Мне не повезло с классной руководительницей, молодой и восторженной приверженкой национал-социализма. Звали ее госпожа Коске, и в моей памяти она оставила неприятный след. Она приветствовала класс бодрым «Хайль Гитлер!», и отвечать полагалось стоя. Еще при знакомстве с личными делами установив, что в классе есть мальчик «моисеева» вероисповедания, она не упускала случая, чтобы не отозваться о евреях с презрением и даже с отвращением, хотя, подобно большинству антисемитов, по всей вероятности, не была знакома лично ни с одним евреем. Свой антисемитизм она проявляла, например, так: «Хайль Гитлер, дети! Сегодня с вашей помощью я заполню анкеты. Для этого мне нужно знать воинские звания и награды ваших отцов, а также место их службы — на фронте или в тылу». Кроме трех мальчиков и меня, все семилетние дети знали, кем были их отцы в первую мировую войну. Трое незнавших получили разрешение сообщить нужные сведения на следующий день, мне же было велено пойти справиться домой прямо сейчас. Мама, несколько удивившись, поручила сказать, что отец служил не на фронте, а в лазарете. Вернувшись в школу, я сообщил о том, что узнал, и в первый момент не понял, что имела в виду госпожа Коске, когда, обратившись к другим детям, воскликнула: «Вот видите, так я и думала! Такой человек, конечно, и не воевал!» Ощущение, что была выискана причина, чтобы унизить меня, дать мне почувствовать мою неполноценность, оказалось настолько сильным, что и сегодня при воспоминании об этом эпизоде мне делается больно за себя и за своих родителей.
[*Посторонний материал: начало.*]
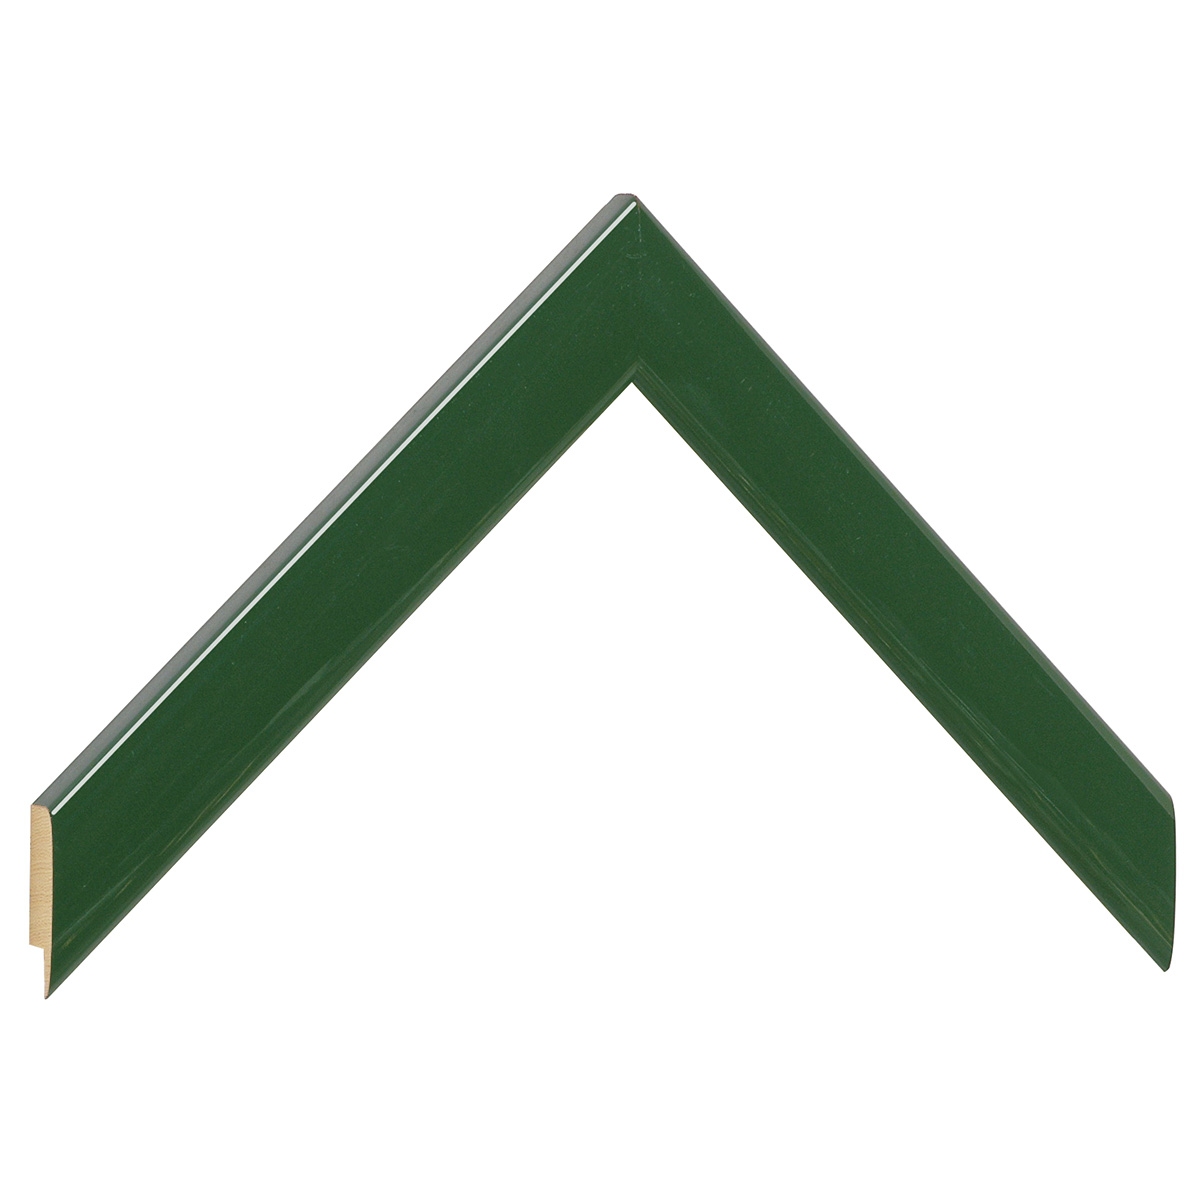 Moulding ayous, width 23mm height 13 - glossy finish, green - Sample

В другой раз это было незадолго до начала занятий. Она стояла на верхней площадке длинной школьной лестницы, по которой мы все поднимались, прежде чем вежливо поздороваться с нею, причем одни говорили «Доброе утро», другие — «Хайль Гитлер». Когда я произнес «Доброе утро», она злобно набросилась на меня: «Марш вниз, и мы еще раз посмотрим, знаешь ли ты, как в новой Германии здороваются со своей классной руководительницей!» Я понял, что она имеет в виду, и, глубоко обиженный, под любопытными взглядами одноклассников и многих других мальчиков, снова поднялся по длинной лестнице и послушно произнес: «Хайль Гитлер, госпожа Коске». Но это ее нисколько не удовлетворило. Наслаждаясь своей властью и разыгрываемым спектаклем, она приказала мне снова взойти по лестнице и при приветствии поднять правую руку, «как подобает приличному мальчику». Я выполнил и этот приказ, а что мне оставалось делать? После таких подстрекательств мои одноклассники начали все больше издеваться надо мною и все чаще с рукоприкладством.